Let the charges be placed on the x-axis, centered at the origin. The charge $+q$ is at $x=l/2$ and $-q$ is at $x=-l/2$. The dipole moment is $p=ql$.

For point A on the axial line at $(r, 0)$: The distances from A to $+q$ and $-q$ are $r_+ = r - l/2$ and $r_- = r + l/2$, respectively. The net electric field at A is the superposition of the fields from each charge:

$$E_A = E_+ - E_- = kq\left( \frac{1}{(r-l/2)^2} - \frac{1}{(r+l/2)^2} \right)$$ $$E_A = kq \frac{(r+l/2)^2 - (r-l/2)^2}{(r^2 - l^2/4)^2} = kq \frac{2rl}{(r^2 - l^2/4)^2}$$

For $r \gg l$, we can neglect the $l^2/4$ term compared to $r^2$ in the denominator.

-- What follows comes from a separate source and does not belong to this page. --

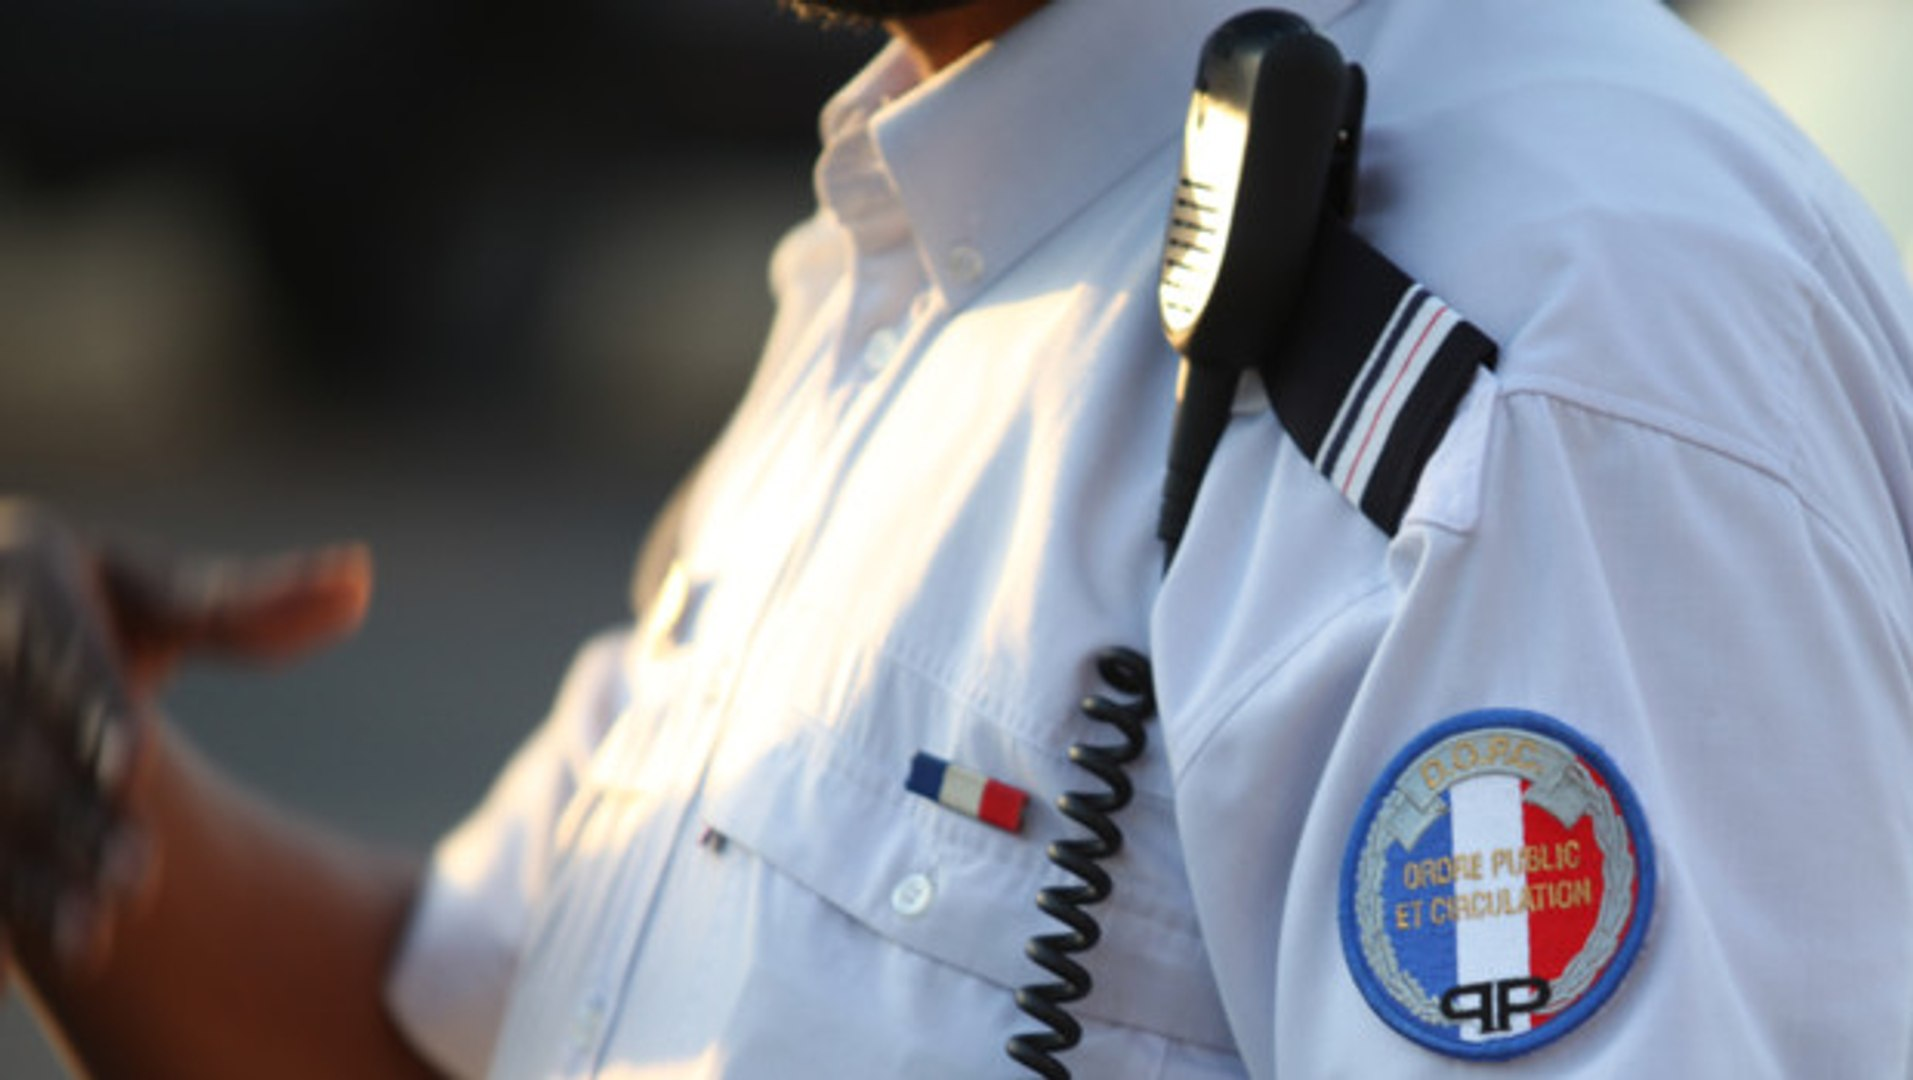 Voyou Met K.O Policiers-ARMÉS Flic-Guadeloupe Vrai Chôchôtte ! Zô Armé é En Tap Si Cask Aw W j

$$E_A \approx kq \frac{2rl}{(r^2)^2} = \frac{2kql}{r^3}$$

For point B on the perpendicular bisector (equatorial line) at $(0, r)$: The distance from either charge to B is $d = \sqrt{r^2 + (l/2)^2}$. The magnitude of the electric field from each charge at B is $E_+ = E_- = E = \frac{kq}{d^2} = \frac{kq}{r^2+l^2/4}$. By symmetry, the field components perpendicular to the dipole axis (y-components) cancel out. The components parallel to the axis (x-components) add up. Let $\theta$ be the angle between the x-axis and the line connecting a charge to point B. Then $\cos\theta = (l/2)/d$. The net field $E_B$ is the sum of the x-components:

$$E_B = E_+ \cos\theta + E_- \cos\theta = 2E\cos\theta$$ $$E_B = 2 \left( \frac{kq}{r^2+l^2/4} \right) \left( \frac{l/2}{\sqrt{r^2+l^2/4}} \right) = \frac{kql}{(r^2+l^2/4)^{3/2}}$$

For $r \gg l$, we can neglect the $l^2/4$ term compared to $r^2$.

$$E_B \approx \frac{kql}{(r^2)^{3/2}} = \frac{kql}{r^3}$$